As an engineer that has taken many data samples of various things that are hardware and/or software, I've found that it is difficult to resolve differences of 5% or so accurately. I think therefore, that expecting polls to resolve 5% differences in political polls is silly. What polls can show is trends. A few of them are good enough and unbiased enough to show trends. Most of the time trends can be related to events. I didn't vote in this poll, no point in it.
Depends on the poll. Loaded/fixed selections are the most obvious, then there's the selection of people who are contacted. I can't imagine it would be too damn difficult to primarily target a specific demographic who is most likely to vote the way one wants in order to get their numbers up. For all we know, there's probably a room somewhere in Virginia full of chimps trained to write random numbers on dry erase boards, and whatever they come up with is that weeks poll results.
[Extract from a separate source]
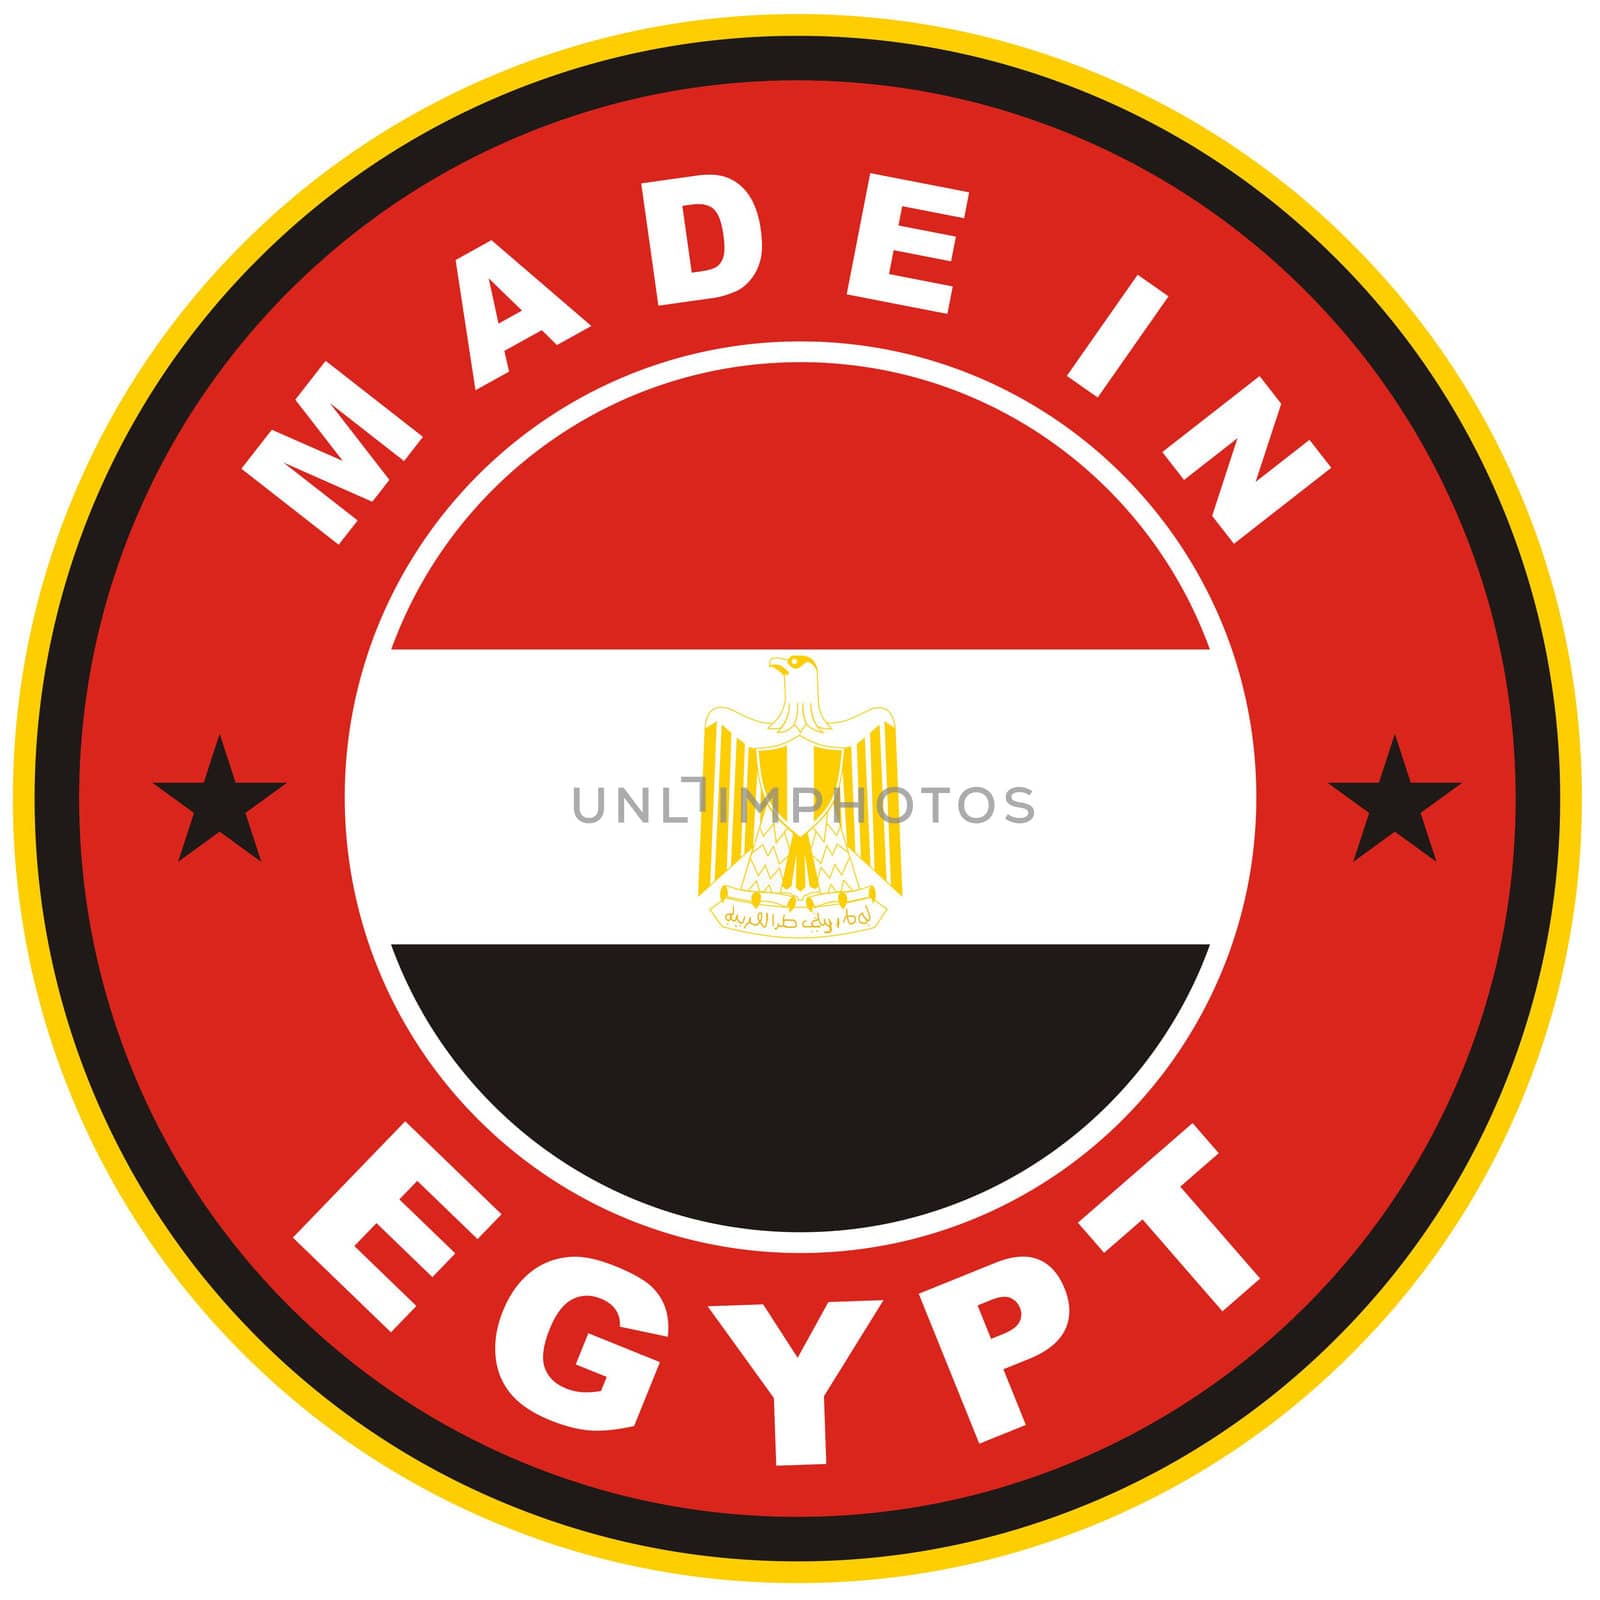 made in egypt by tony4urban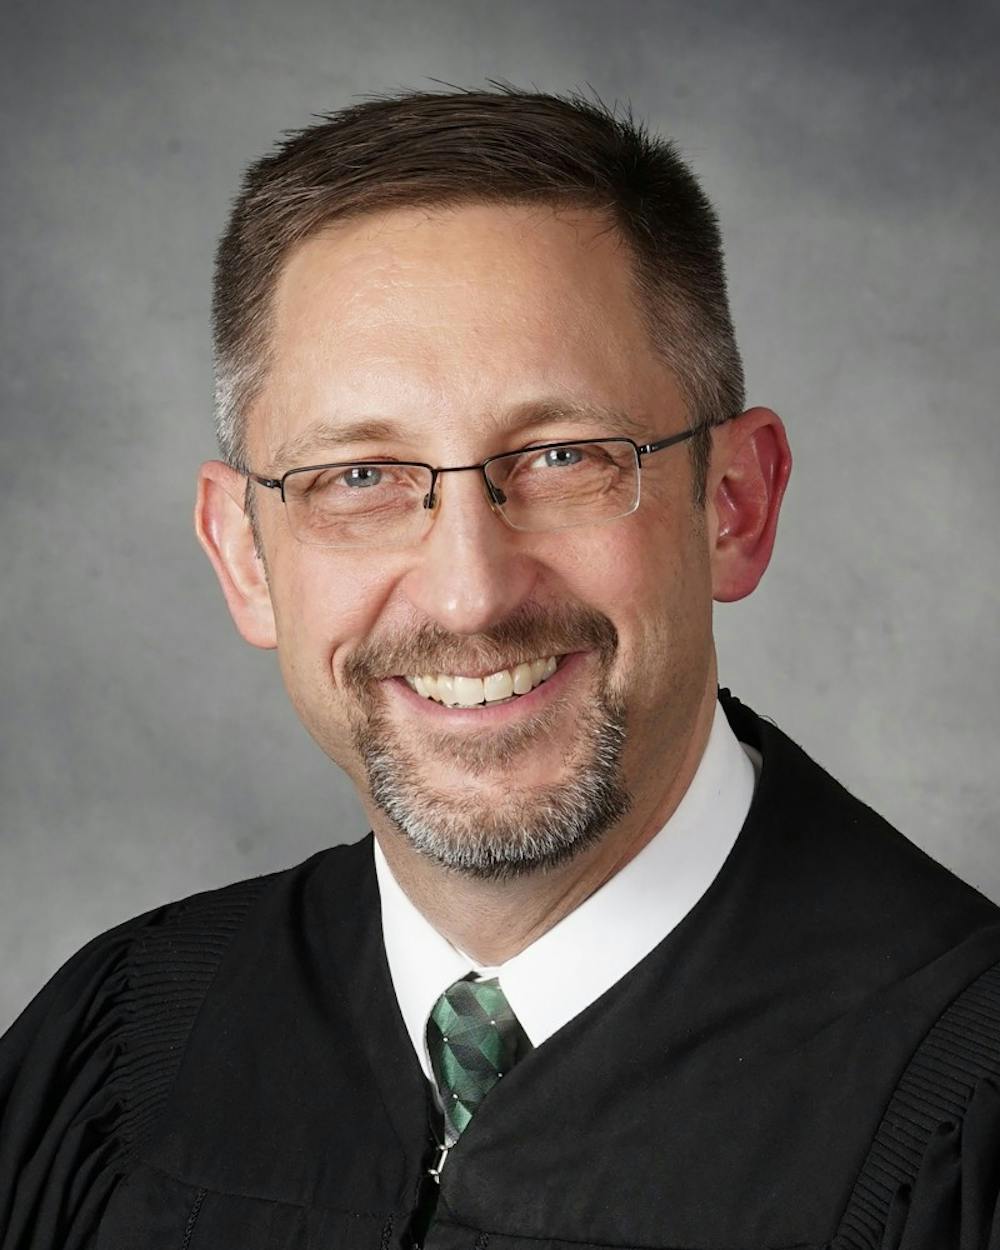 Governor Holcomb selects Ball State alumnus Christopher Goff to Indiana Supreme Court

Last edited by Surtr; 09-18-12 at 12:16 AM.
I love the NSA. It's like having a secret fan-base you will never see, but they're there, watching everything you write and it makes me feel all warm and fuzzy inside knowing that I may be some person's only form of unconstitutional entertainment one night.
In most cases I say no. In some cases I wonder if they are while trying the give the pollster the benefit of the doubt. Its really odd, for example when one pollster out of numerous ones consistently give one candidate higher numbers. Or when a website that gives the averages of all polls waits about a week to include one poll from a hugely significant media outlet seemingly waiting for other polls to drop a little so that their average doesn't bring up one side's numbers too much.
I also think if its happening, they're only hurting their own credibility when the election occurs and setting both themselves and the audience their trying to give false hope for disappointment.
Now that I'm thinking of it I recall there was some deliberate shenanigans going on on election day 2000 in one state. A dishonest activist pollster reported to the media that one side was doing better than expected in the exit polls in that state. Then when that candidate lost that state big time later that night, they had egg all over their faces and were very disappointed.
Having opinions all over the map is a good sign of a person capable of autonomous thinking. Felix -2011
I find it best to just ignore polls as they are always inaccurate.
We went from a historic shift in turnout and voting demographics in 2008 to a complete turnaround in 2010. The fact is, nobody knows what the demographics and turnout are going to look like this year. The various polling companies are making their best guesses in creating samples, and yes the liberal ones are probably estimating a little liberal, and conservative ones conservative. As always, the most accurate polls are probably the ones that aggregate those from several different companies.
But I don't think any of them are trying to push an agenda. A polling company that is inaccurate doesn't seem likely to last very long. I don't think polls effect momentum as much as they simply start a conversation going. But in presidential campaigns, the conversation is already going, and the stakes are high. I don't think presidential polling has much of an effect on election outcomes.
Last edited by Camer☑n; 09-22-12 at 10:49 AM.
(avatar by Thomas Nast)
This poll is most definitely skewed.
I think far more problematic is the electoral college and the media that reports the election over the minute the polls close. Takes the fun and legitimacy right out of the whole thing.